* _DATA SHOWN_:
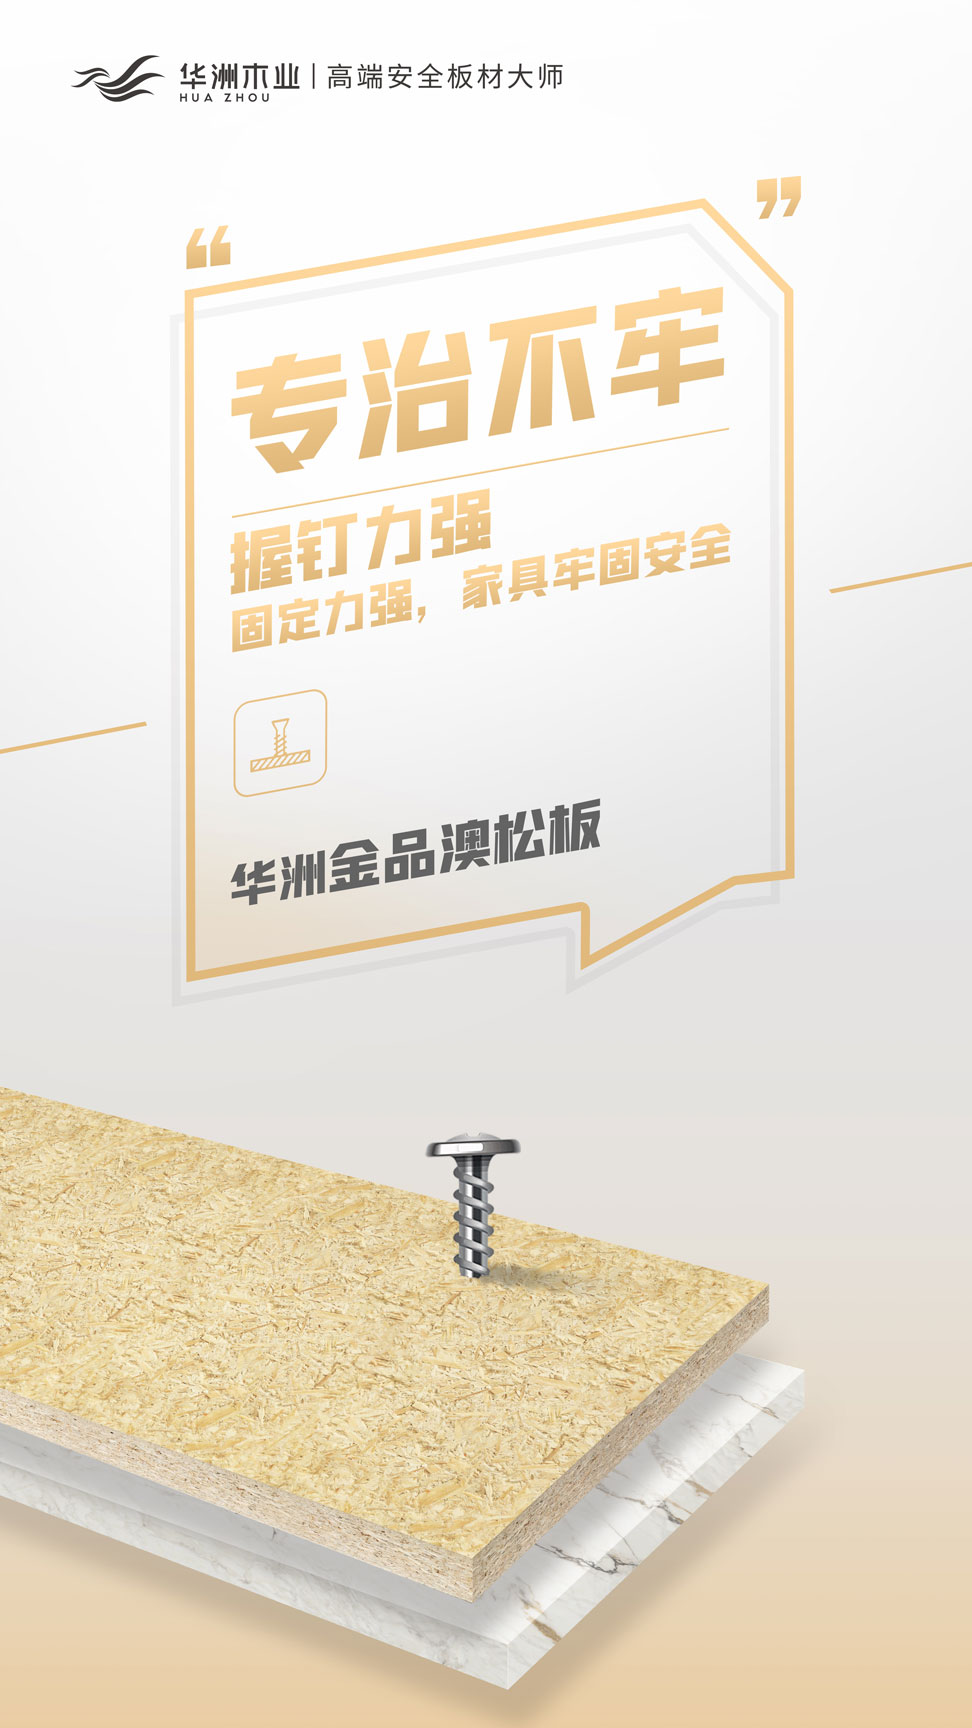 双新品齐发 | 华洲金品澳松板，一门到顶门板的理想板材(图7)
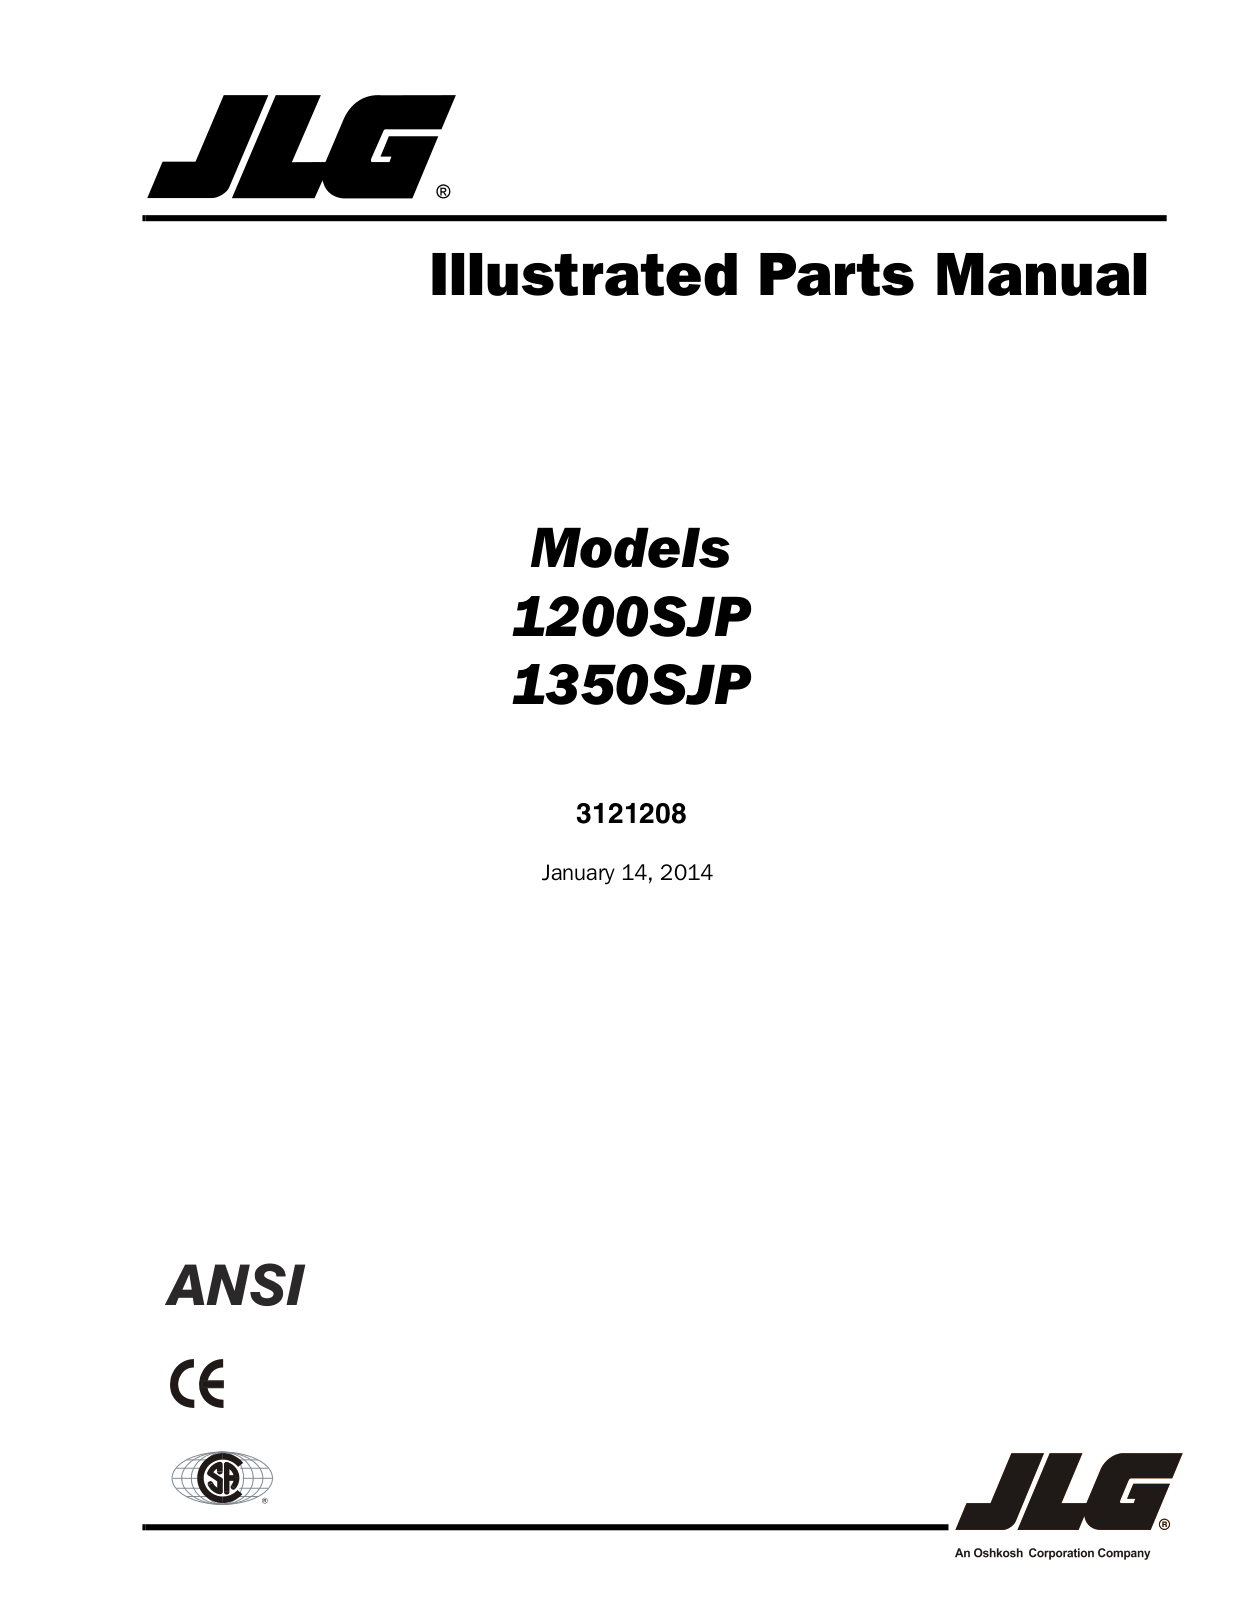 JLG 1350SJP Parts Manual
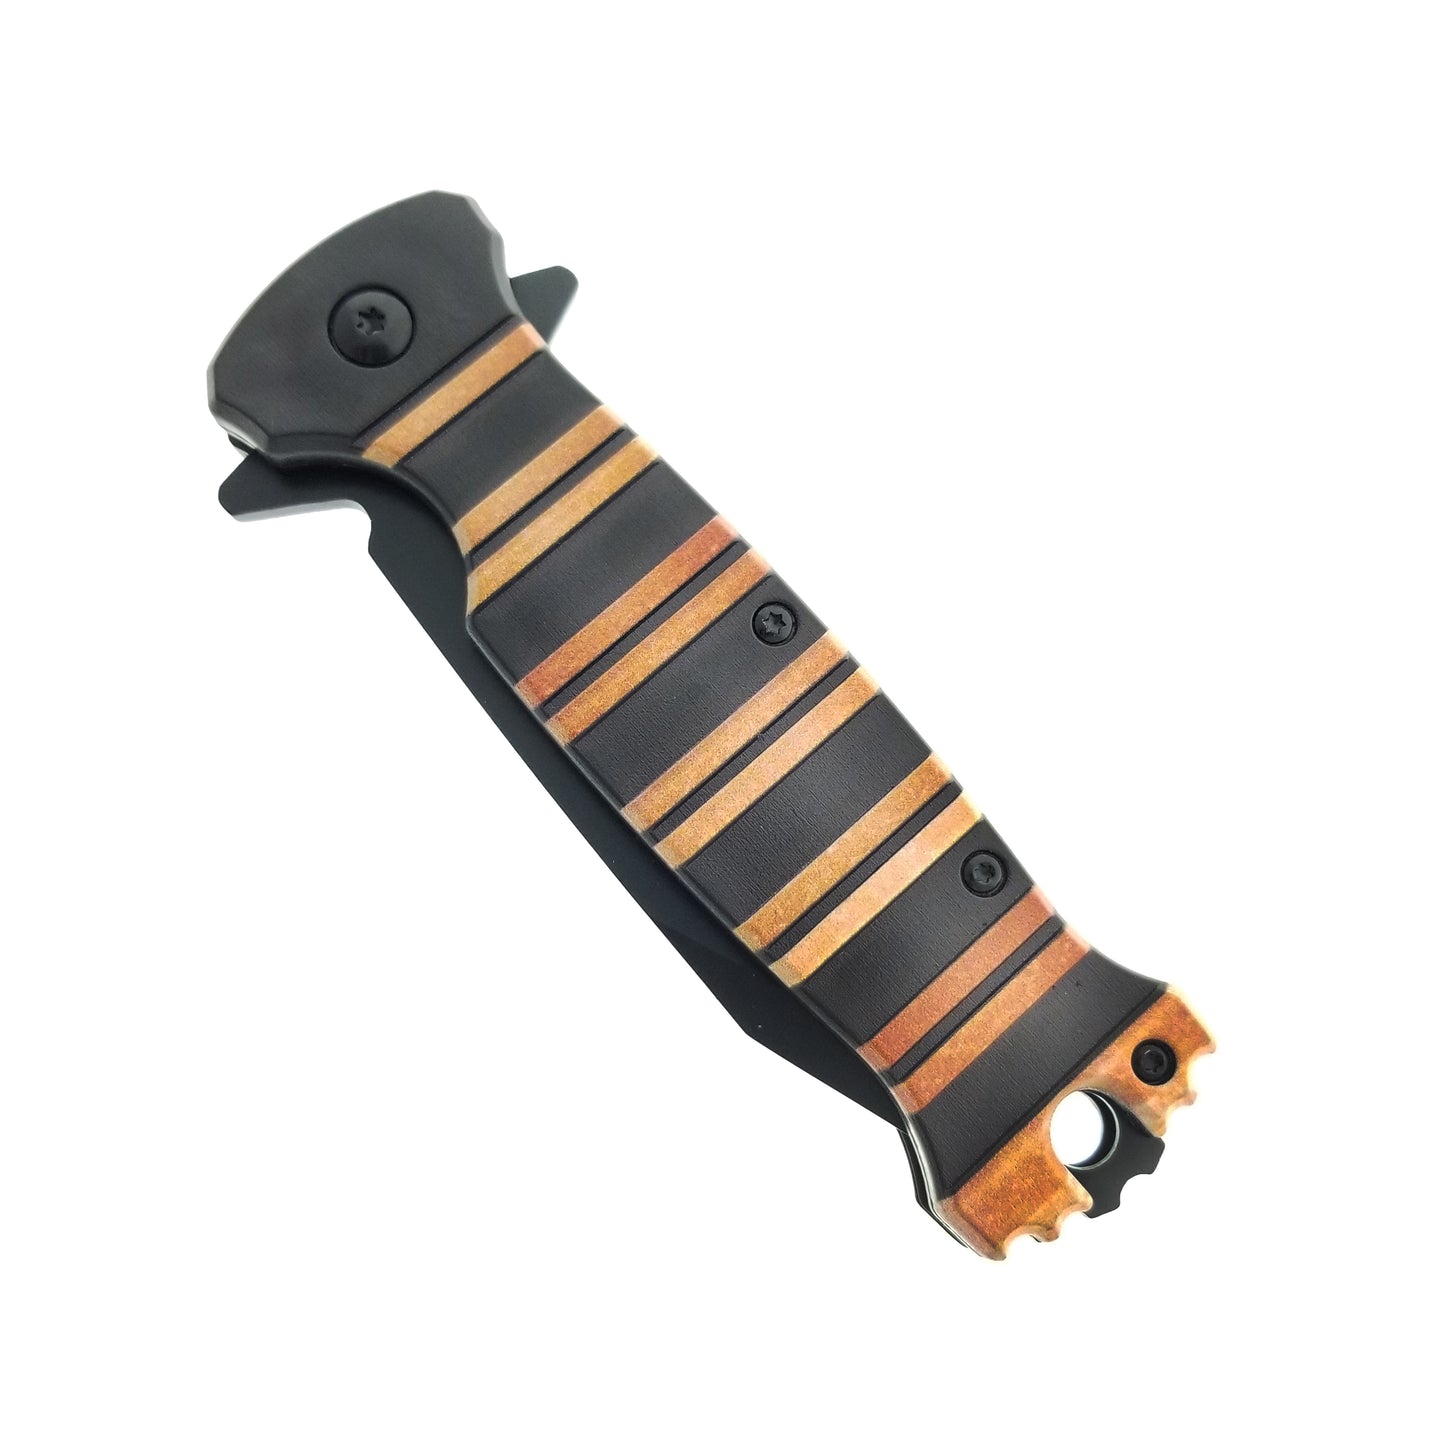 8" Orange and Black Handle Spring Assisted Pocket Knife w/ Belt Clip

* _WHAT THE EXERCISE ASKS_:
A verbatim copy of the data, pictures removed, is the expected result.

* _TASK SOLUTION_:
 双新品齐发 | 华洲金品澳松板，一门到顶门板的理想板材(图7)
 JLG 1350SJP Parts Manual
 8" Orange and Black Handle Spring Assisted Pocket Knife w/ Belt Clip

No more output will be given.